France 3 Corse : Le 6 février 2023, vous avez quitté vos fonctions de président de la Commission nationale de protection et de réinsertion (CNPR) des témoins. Vous avez remis une note aux ministres de la Justice et de l’Intérieur sur le dispositif du statut de repenti. Que leur avez-vous dit ?

Bruno Sturlèse : J’ai voulu dresser à l’attention des ministres un bilan de l’emploi du dispositif du statut de repenti. J’ai souligné que c’était un outil extraordinairement efficace quand on l’utilise pour lutter contre ce que j’appelle le haut du spectre de la criminalité organisée. Quand on utilise ce statut du repenti on voit qu’on a des résultats spectaculaires.

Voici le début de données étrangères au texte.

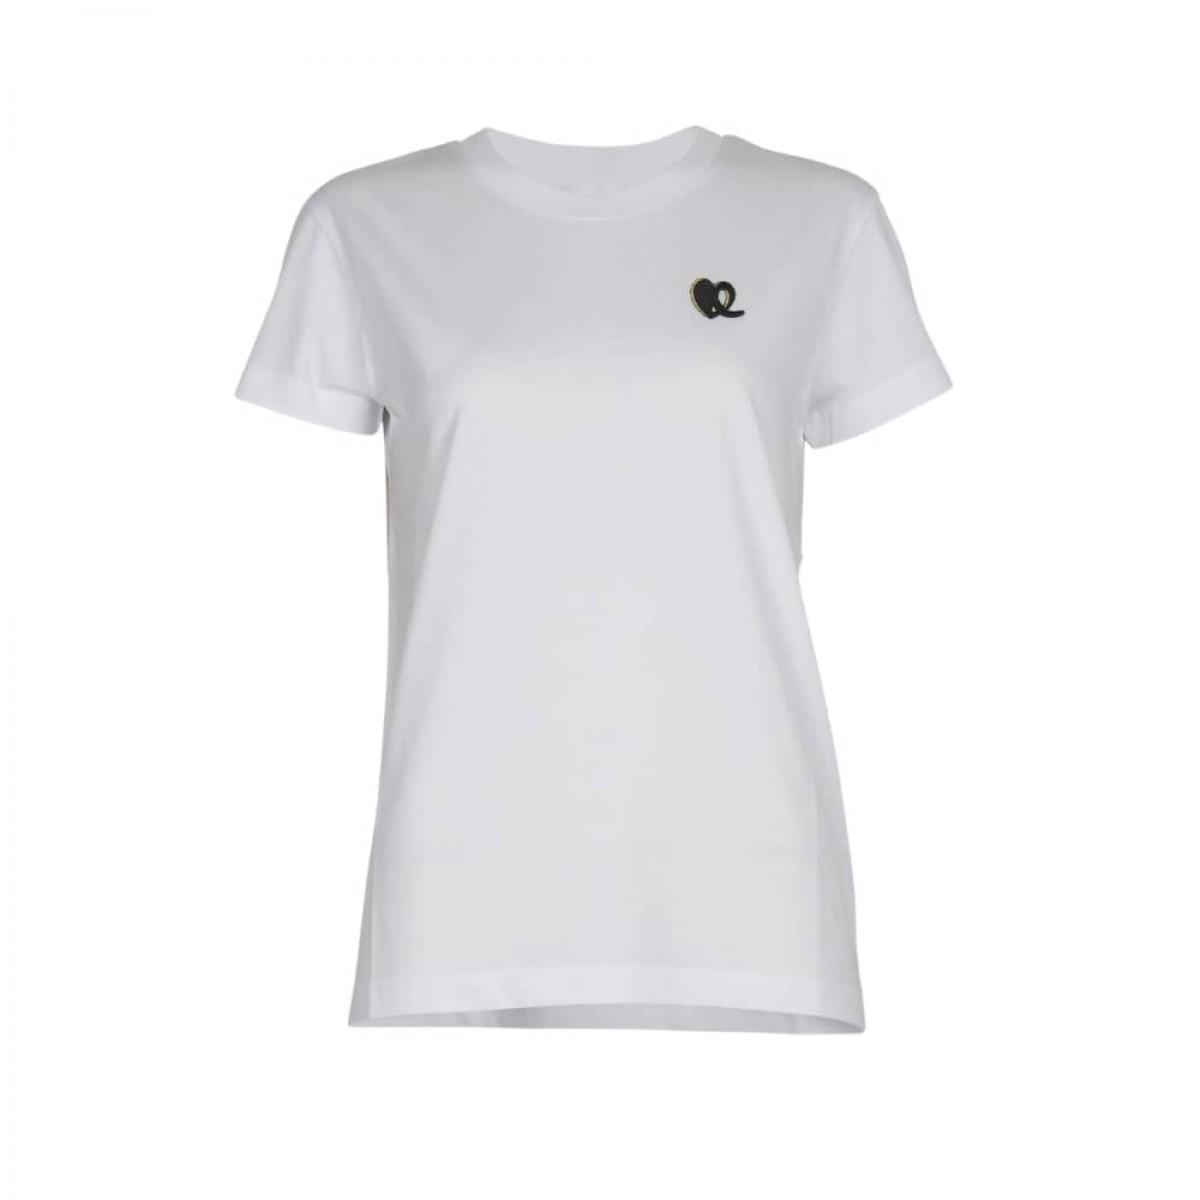 cara heart t-shirt - white - front

En revanche, il m’est apparu important d’alerter les ministres sur un point. Sur les six dernières années, j’ai constaté une chose : alors que le péril lié à la montée de la criminalité violente augmentait, le recours à cet outil restait extrêmement limité. J’ai donc voulu les alerter sur ce problème en essayant de comprendre pourquoi il en était ainsi et ce qu’il faudrait envisager de faire.

Comment les collaborateurs de justice sont-ils admis ?

Par définition, il y a un critère de recrutement pour admettre une candidature de repenti : il faut que sa parole soit déterminante et essentielle pour faire avancer les enquêtes et obtenir les condamnations des personnes qui sont impliquées dans ces règlements de comptes. C’est le travail de la commission d’apprécier la crédibilité de ce que la candidature du repenti propose de révéler. On doit donc apprécier sur la base des évaluations du SIAT (Service interministériel d'assistance technique) si le candidat est crédible et va apporter une vraie plus-value dans les enquêtes.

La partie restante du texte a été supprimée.